Дядя Джейк берет себе пиво, закрывает дверцу и строит рожицу щенку:
– Дворняжка.
Тот радостно виляет хвостом.
– Вообще-то мы его уже назвали.
– Ты ведь понимаешь, что намного труднее выкинуть животину, если уже дал ей кличку?
– Везунчик.
– Кто везунчик? – спрашивает дядя Джейк, ища открывалку. Затем останавливается и оглядывается. – А, понял. Мило. Похоже, тут внес свою лепту Тедди.
– Не-а, – отвечаю я. Не будем говорить ему, что Тедди внес свою лепту другим способом – подарив щенка. Вдруг дядя его не простит? – Кличку выбрал Лео.
– Тогда, полагаю, нам придется смириться.
– Ты привыкнешь.
– Да? – Он садится напротив меня. – Откуда знаешь?
– Ты же привык ко мне, – пожимаю плечами я.
Дядя Джейк поднимает на меня взгляд. Он выглядит удивленным. Да я и сама удивлена не меньше его. Я не собиралась этого говорить. И вроде даже не думала об этом.
– Элис, – посерьезнев, произносит он. – Ты не какая-то там бездомная собака.
Я качаю головой:
– Знаю. Я не то собиралась…
– Ничего страшного. Просто я не хочу, чтобы ты думала…
– Я бы и никогда…
– Стой, – поднимает дядя Джейк руку. – Подожди.

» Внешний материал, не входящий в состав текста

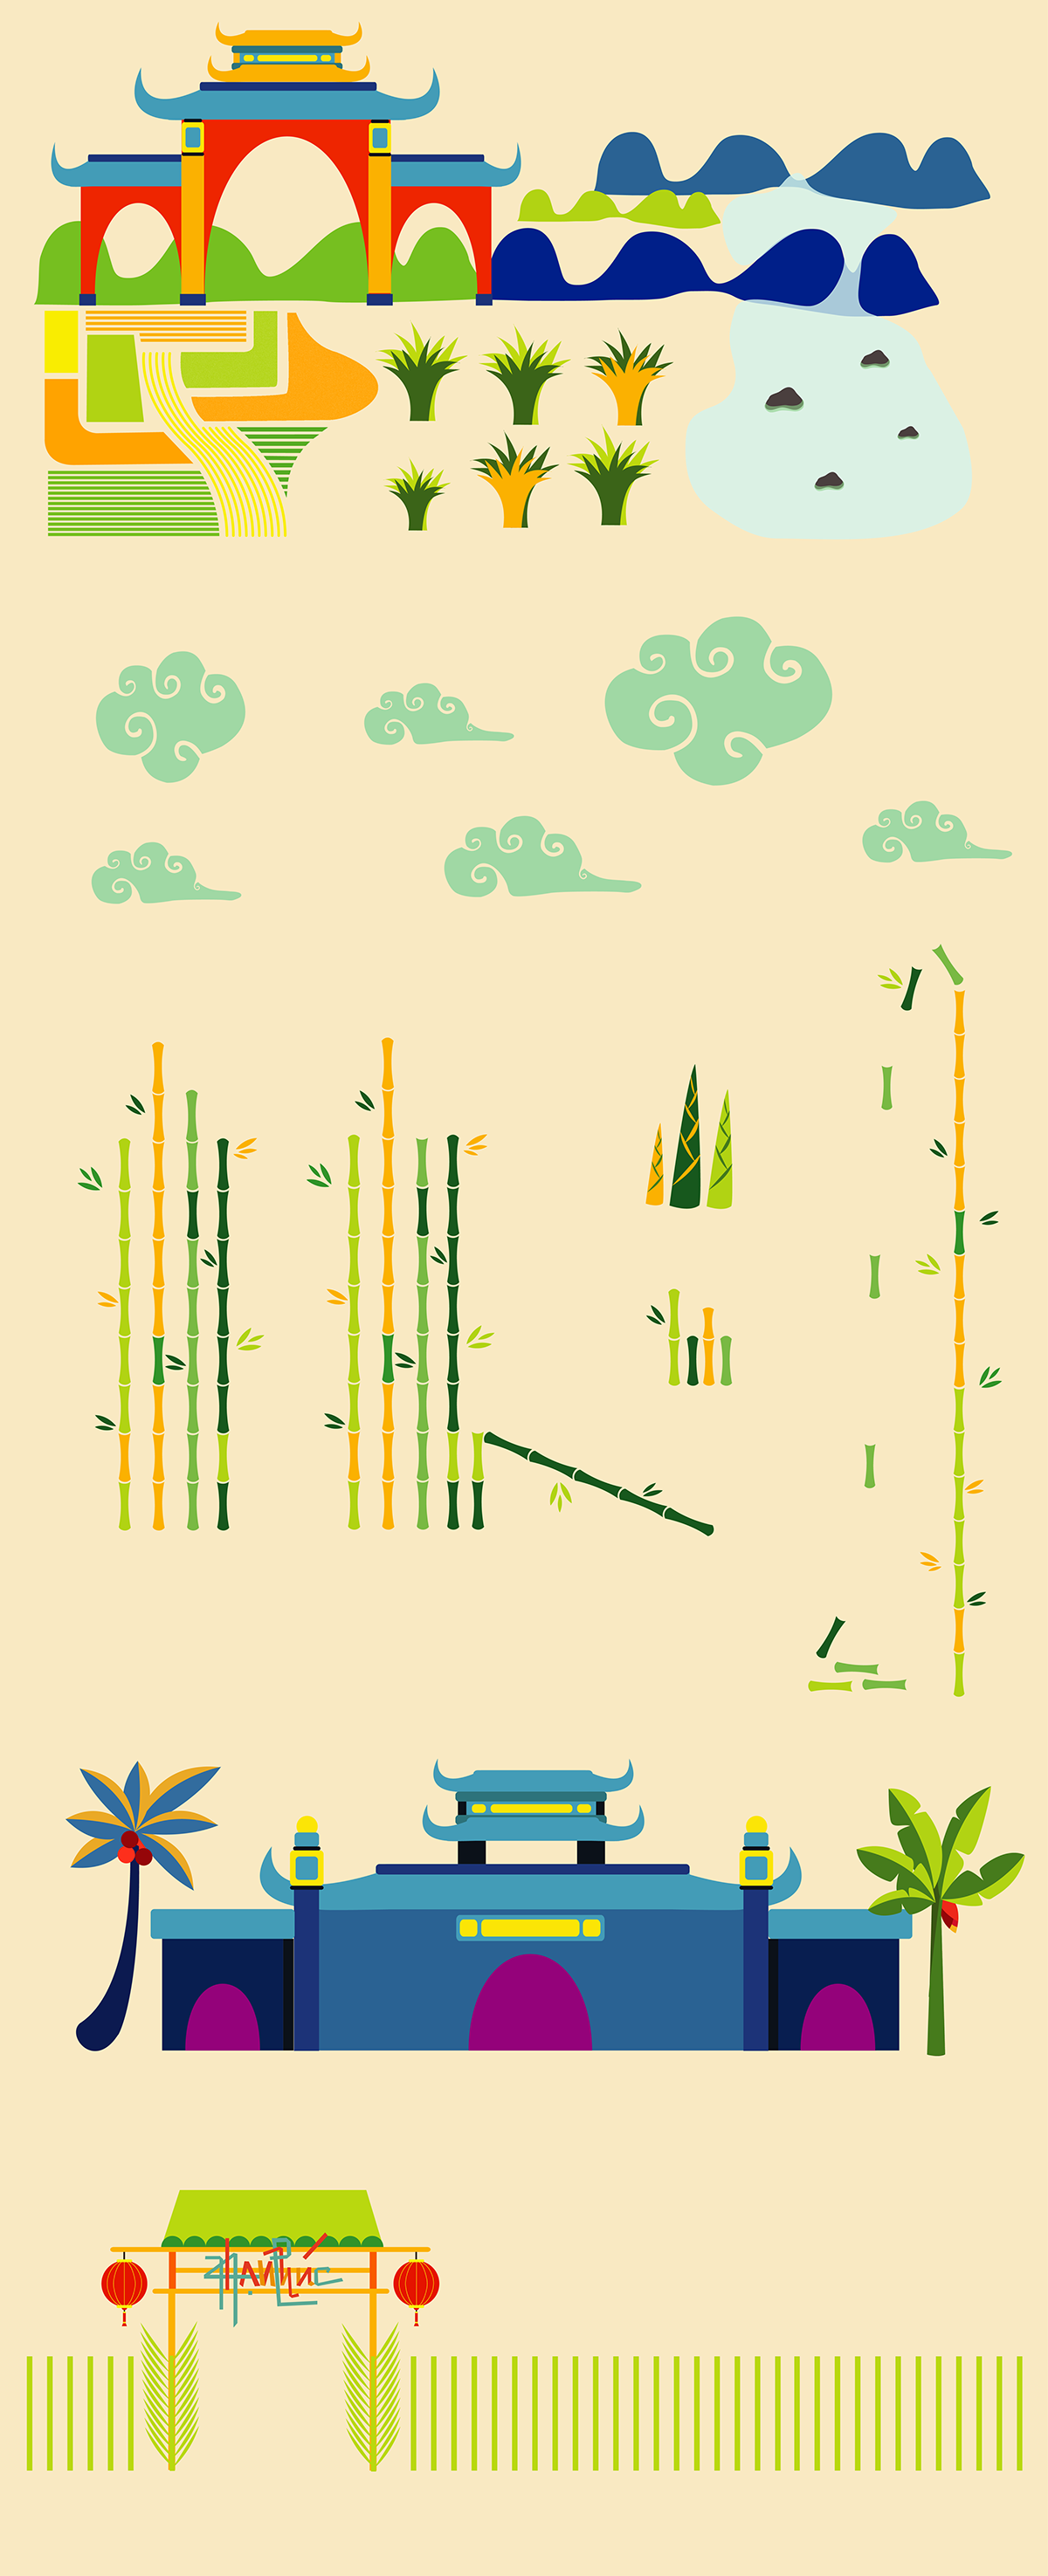 illutration graphic design bamboo
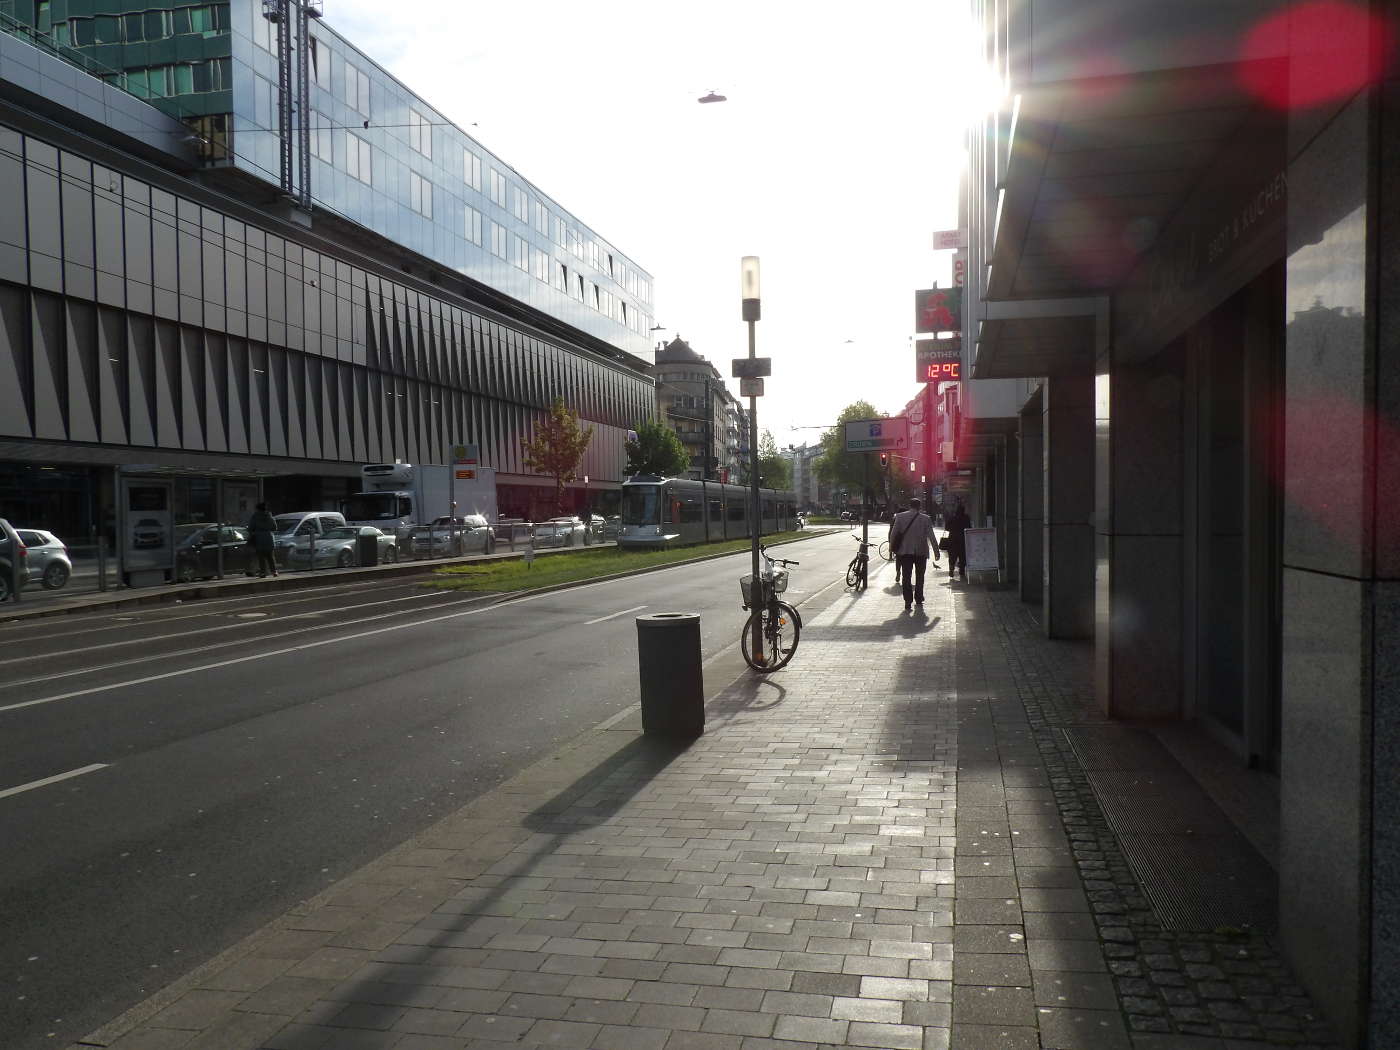 Jehovah's Witness in Duesseldorf – Religion with tie and collar

– Нет… – начинаю я, но он встает из-за стола:
– Похоже, нам предстоит серьезный Разговор? С заглавной буквы «Р»?
– Нет, – издаю стон я.
– И ты прекрасно знаешь, без чего у нас не обходятся такие беседы.
– Без шоколада, – бурчу неохотно.
– Точно. – Дядя Джейк идет к кладовой, засовывает туда голову, с минуту шарит там, а затем выпрямляется и демонстрирует мне полупустой пакет с шоколадными чипсами. – Наверное, нам нельзя их есть?
– Наверное.
– Но у нас чрезвычайная ситуация. – Он высыпает чипсы в пиалу – щенок вьется вокруг его ног – и ставит ее в центре стола. Потом неотрывно смотрит на меня, пока я не беру шоколадный чипс. Дядя Джейк твердо верит в то, что серьезные разговоры легче даются со сладким.
– Итак, что у тебя на уме?
Я кидаю на него выразительный взгляд:
– Это ты затеял разговор.
– Но это ты сравнивала себя с собакой.
– Я неправильно выразилась.
Он берет горсть чипсов.
– Тогда что ты хотела сказать?
– Ничего. – В моем голосе отчетливо слышно упрямство.
Я застигнута врасплох настойчивостью дяди Джейка и не могу собраться с мыслями. Подобные разговоры обычно заводит тетя София. Она всегда пытается найти скрытый смысл в моих словах и обладает уникальной способностью прокомментировать что-то столь обыденное, как погода, с отсылкой к моему прошлому.
Но дядя Джейк не такой. Он хорош в разговорах о финансовой ответственности, важности высшего образования, радостях рыбалки и отвертках (какую нужно использовать в данном конкретном случае). Однако, если разговор заходит о произошедшем со мной – особенно если это Разговор с заглавной буквы «Р», – дядя всегда старается от него увильнуть.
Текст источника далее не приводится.